This Mathematica code was shown on a slide during the Monday, October 21, 2024 lecture I had left out the "Options" part to squeeze it into 10 lines and to be able to brag about brevity. I feel that brevity is a clarity enhancer. I had programmed this already 30 years ago in 1995 in mathematica 2.1 for this course 1995 but the code has become since much shorter. I used to program by defining functions like r[u_,v_] etc which essentially doubles the length of the code. The DSolve routine still needs functions. The code can easily be adapted to solve the geodesic diff equations in arbitrary dimensions. 
(* Solving the Geodesic diff equations in Mathematica, Oliver Knill, 2024    *)
(* First programmed in Mathematica 2.1 in 1995 at Caltech for                *)
(* https://people.math.harvard.edu/~knill/teaching/math109_1995/geometry.pdf *)
(* This 10 line code for solving the geodesics has been shared with the math *)

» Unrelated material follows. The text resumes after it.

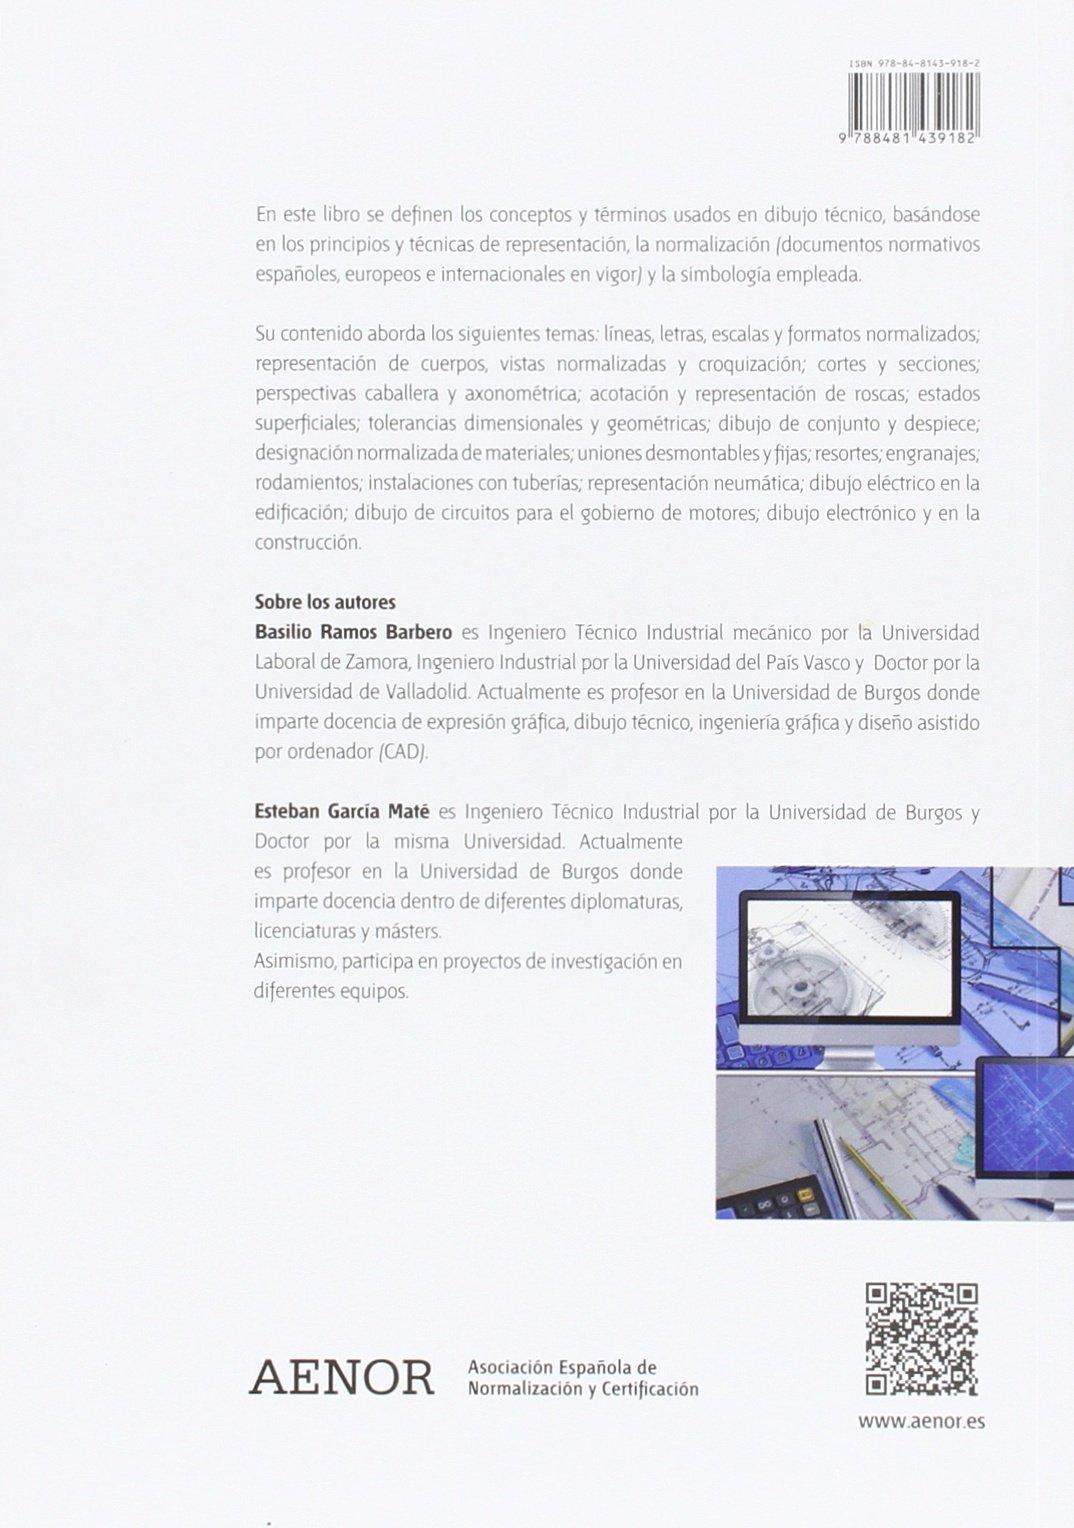 Dibujo tcnico Amazones Basilio Ramos Barbero Esteban Garca

(* Math 136 class https://people.math.harvard.edu/~knill/teaching/math136    *)

r={(3+Sin[v]) Cos[u],(3+Sin[v]) Sin[u],Cos[v]+Sin[u+v]/2};
ru=D[r,u];rv=D[r,v];drT={ru,rv}; dr=Transpose[drT]; g=drT.dr; gi=Inverse[g]; 
X={u,v}; Y={ud,vd}; d=2; T=100; 
c[i_,j_,k_]:=(D[g[[j,k]],X[[i]]] +D[g[[k,i]],X[[j]]] -D[g[[i,j]],X[[k]]])/2;
Christoffel[i_,j_,k_]:=Sum[gi[[k,l]]*c[i,j,l],{l,d}];
F=Simplify[Table[-Sum[Christoffel[i,j,k] Y[[i]] Y[[j]], {i,d},{j,d}],{k,d}]];
o=NDSolve[{U''[t] == F[[1]] /. u->U[t] /. v->V[t] /. ud->U'[t] /. vd->V'[t],
           V''[t] == F[[2]] /. u->U[t] /. v->V[t] /. ud->U'[t] /. vd->V'[t],
           U[0]==0.3, V[0]==0.5, U'[0]==0.2, V'[0]==1.6}, {U[t],V[t]},{t,0,T}]; 
SetOptions[ParametricPlot3D,{Mesh->False,Boxed->False,Axes->False}];
Show[{ParametricPlot3D[r,{u,0,2Pi},{v,0,2Pi}],
      ParametricPlot3D[(r /. u -> U[t] /. v -> V[t]) /. o,{t,0,T}]}]